Das

Grundrecht

auf Sozialisierung

Der erste Abschnitt des Grundgesetzes behandelt die durch keine Verfassungsreform veränderbaren Grundrechte, aber auch ihre Einschränkungen. So wird in Artikel 14 zwar das Recht auf Eigentum gewährleistet, aber gleichzeitig heißt es: „Eigentum verpflichtet. Sein Gebrauch soll zugleich dem Wohle der Allgemeinheit dienen.“ Im Falle der meisten Banken darf man erhebliche Zweifel anmelden, ob ihr Eigentum in den vergangenen Jahren „dem Wohle der Allgemeinheit“ diente. Keine Zweifel sind mindestens bei der Hypo Real Estate angebracht, deren Geschäftspraktiken die Allgemeinheit bereits mit 130 Milliarden Euro belasten. Einen massiveren Verstoß gegen das Allgemeinwohl kann man sich kaum vorstellen. Außerdem gibt es da, ebenfalls im Abschnitt über die Grundrechte, noch den Artikel 15 mit der schönen Überschrift „Sozialisierung“.  Darin heißt es: „Grund und Boden, Naturschätze und Produktionsmittel können zum Zwecke der Vergesellschaftung...in Gemeineigentum oder andere Formen der Gemeinwirtschaft überführt werden.“ Wahrscheinlich würde der halbe Bundestag darauf schwören, dass dieser Satz im Programm der Linken, wenn nicht sogar in der DDR-Verfassung steht. Kein Wunder, wenn sie die  Enteignung der Hypo Real Estate für einen Verfassungsbruch halten. Dabei hat die Übernahme der Hypo Real Estate eben so wenig mit Enteignung zu tun, wie das Löschen eines brennenden Hauses mit Sachbeschädigung. Bei dieser Bank werden Schulden sozialisiert und mehr nicht.
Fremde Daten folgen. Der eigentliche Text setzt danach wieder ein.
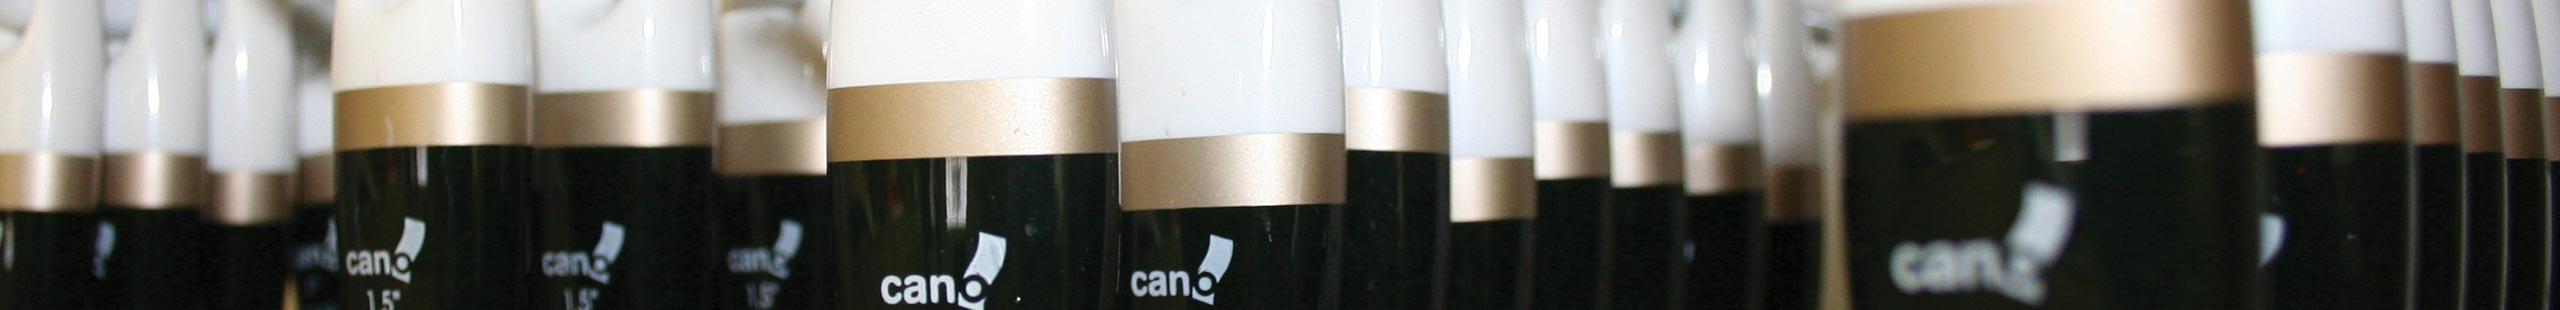 cano-sa

Um der Diskussion über das Grundgesetz aus dem Wege zu gehen, ziehen es die meisten Politiker vor, die soziale Marktwirtschaft zu beschwören – aber die steht eben so wenig nicht im Grundgesetz, wie es sich überhaupt nirgendwo auf eine bestimmte Wirtschaftsform festlegt. (dazu mehr in 60 Jahre Grundgesetz) Hellhörig muss man jedoch werden, wenn sich die Bedenkenträger auf die EU, beziehungsweise den Vertrag von Lissabon beziehen. Denn in der Tat ist in diesem Vertrag - im Gegensatz zum Grundgesetz – durchaus eine Wirtschaftsordnung vorgeschrieben. Grund genug nicht nur diesen Vertrag, sondern die „Rechtssetzung“ der EU überhaupt in Frage zu stellen. Seit langem schon wird in Brüssel versucht, die neoliberale Ideologie in Richtlinien und Verträge umzusetzen, die dem Grundgesetz  widersprechen.